9. The Gauhati High Court in Suresh Narayan Roy v. State of Arunachal Pradesh 1978 Criminal Law Journal 1514 had also taken a similar view by holding that the assault committed on a public servant due to personal grudge would not be covered by the provisions of Section 353 IPC.
10. The observations of the Apex Court in Manumiya v. State of Gujarat, AIR 1979 Supreme Court 1706 : (1979 Cri LJ 1384) are not attracted to the facts of the case in hand as therein the bus driver was assaulted while standing beside the bus and under these circumstances it was held that he was discharging his duties when assaulted.
11. Consequently, the appellant is acquitted of the charge under Section 353/333 IPC but he would certainly be guilty of the offence of having voluntarily caused grievous hurt to Bhagwan Dass Sharma punishable under Section 325 IPC as the evidence of Dr. D.B. Chakarwarti PW2 reveals that on x-ray examination, acromion of the left shoulder was found fractured. The non-framing of the charge under Section 325 IPC would be of no consequence as it is minor offence of the same kind for which deterent sentence is provided under Section 333 IPC.
12. The conviction of the appellant for offence under Section 506 IPC is also not maintainable as the alleged threats to kill the injured are not borne out by the conduct of the appellant in causing both the injuries on his left shoulder and that too with blunt weapon like hockey stick. Consequently, the mere outburst of the petitioner at the time of assault that he will kill Mr.
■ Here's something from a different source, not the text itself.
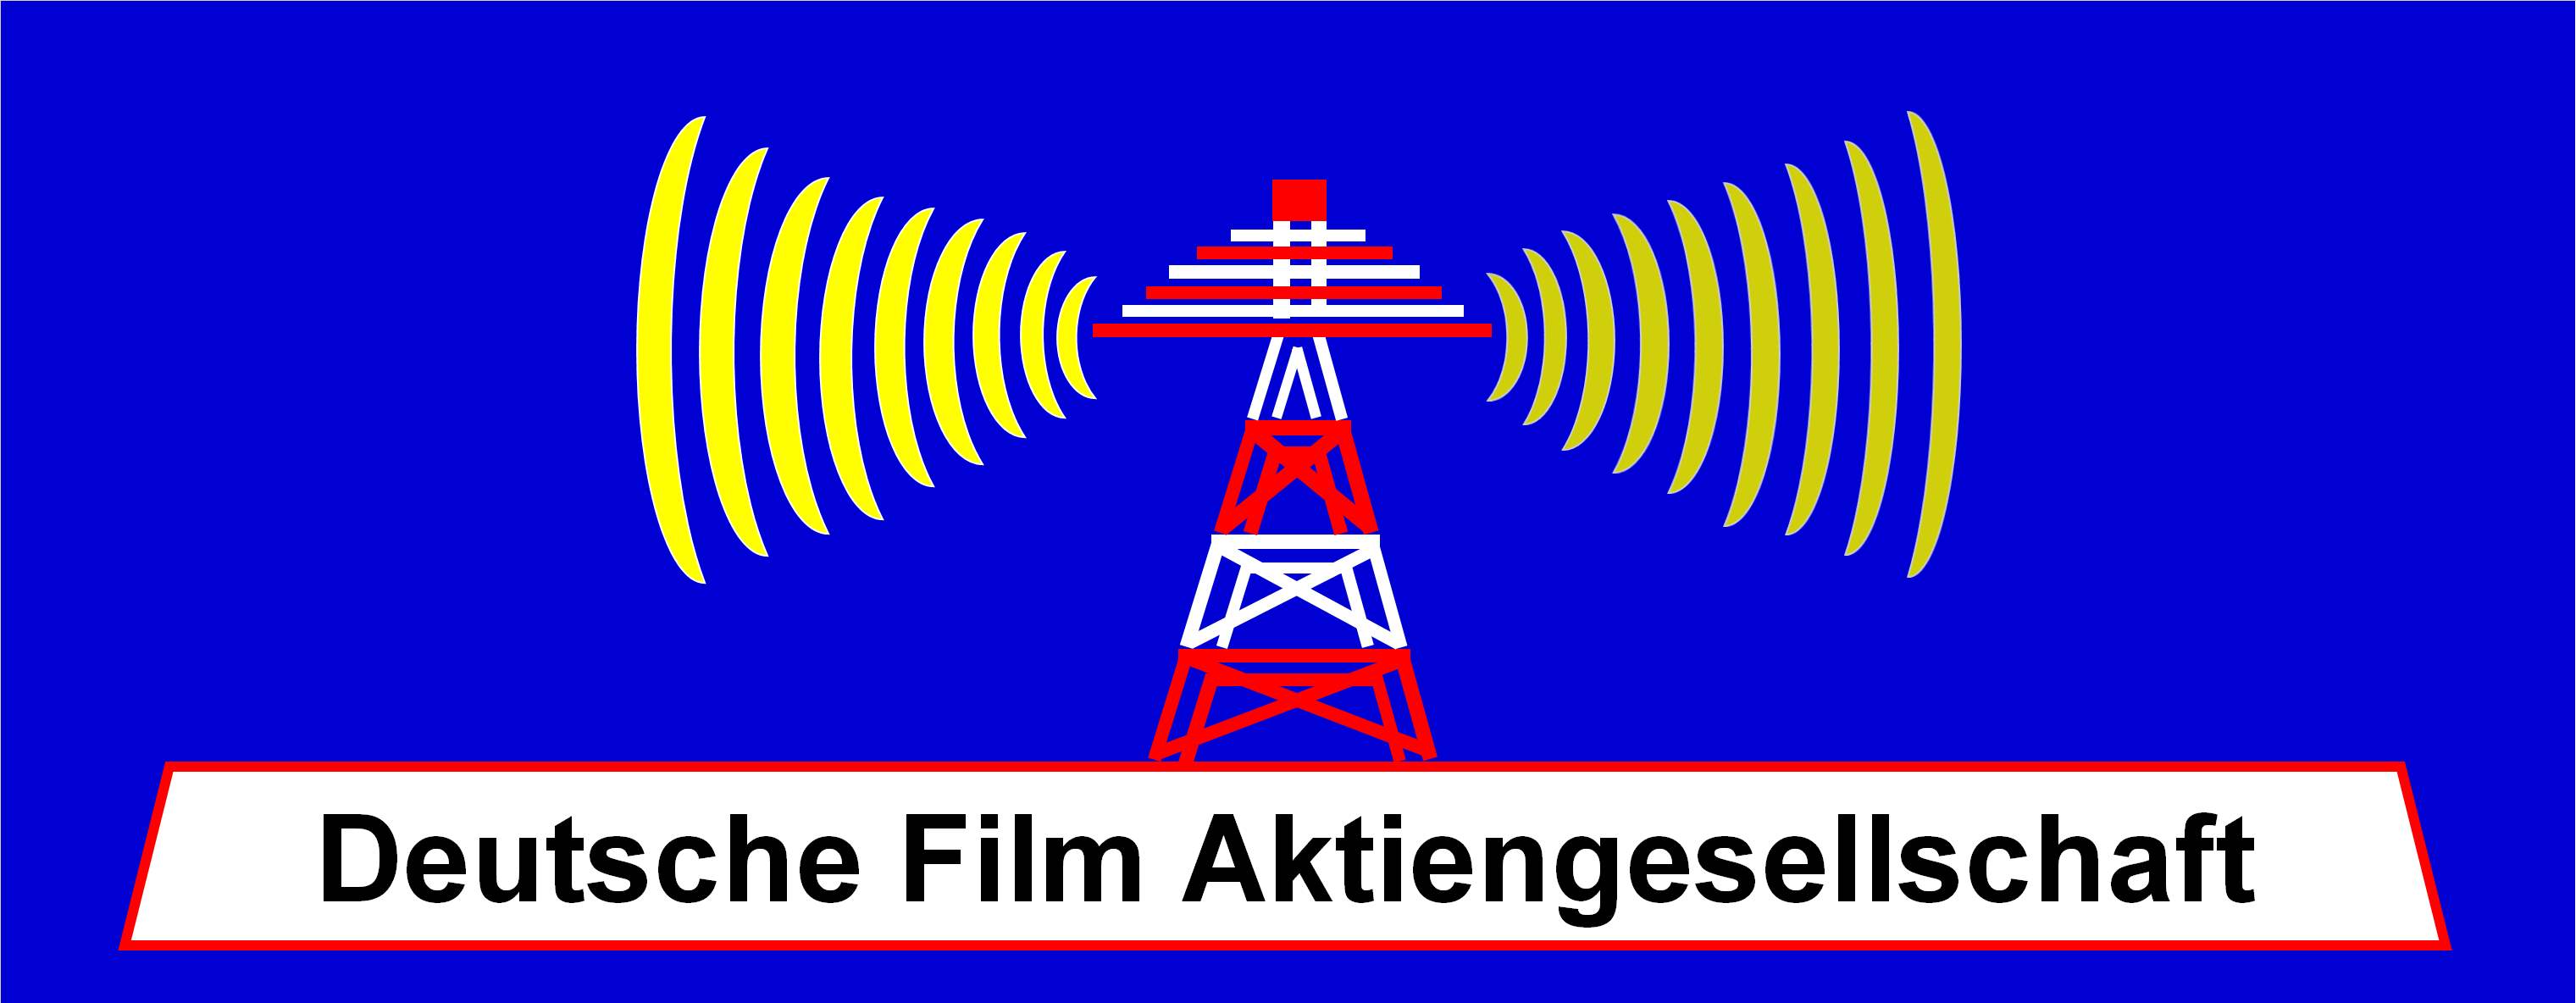 Deutsche Film Aktiengesellschaft

Sharma is not sufficient to hold that it would fall within the mischief of Section 506 IPC as it cannot be said that he indulged in criminal intimidation of the injured to cause the death or grievous hurt. The substantive sentence of causing grievous hurt has been awarded to the appellant. There is no question of indicating him under Section 506 IPC on mere threats to cause grievous injury. Thus, the appellant also stands acquitted of the charge under Section 506 IPC.
13. The question then arises whether it is a fit case where the appellant should be given the benefit of Probation of Offenders Act or of the provisions of Section 360 Cr P.C. in view of the reformatory trend of criminal penalogy, In this regard, it is noteworthy that the appellant had indulged in causing grievous hurt to his superior officer serving in the same department on the misconceived notion that the latter was instrumental in his transfer. Consequently, it is not a fit case for releasing the appellant on probation. He is, therefore, ordered to undergo sentence of one year's RI and fine of Rs. 500/- or in default of payment thereof, to further undergo one month's RI for offence punishable under Section 325 IPC. The appeal filed by the appellant stands partly accepted to the extent referred to above. The appellant is directed to surrender for undergoing the remaining period of sentence.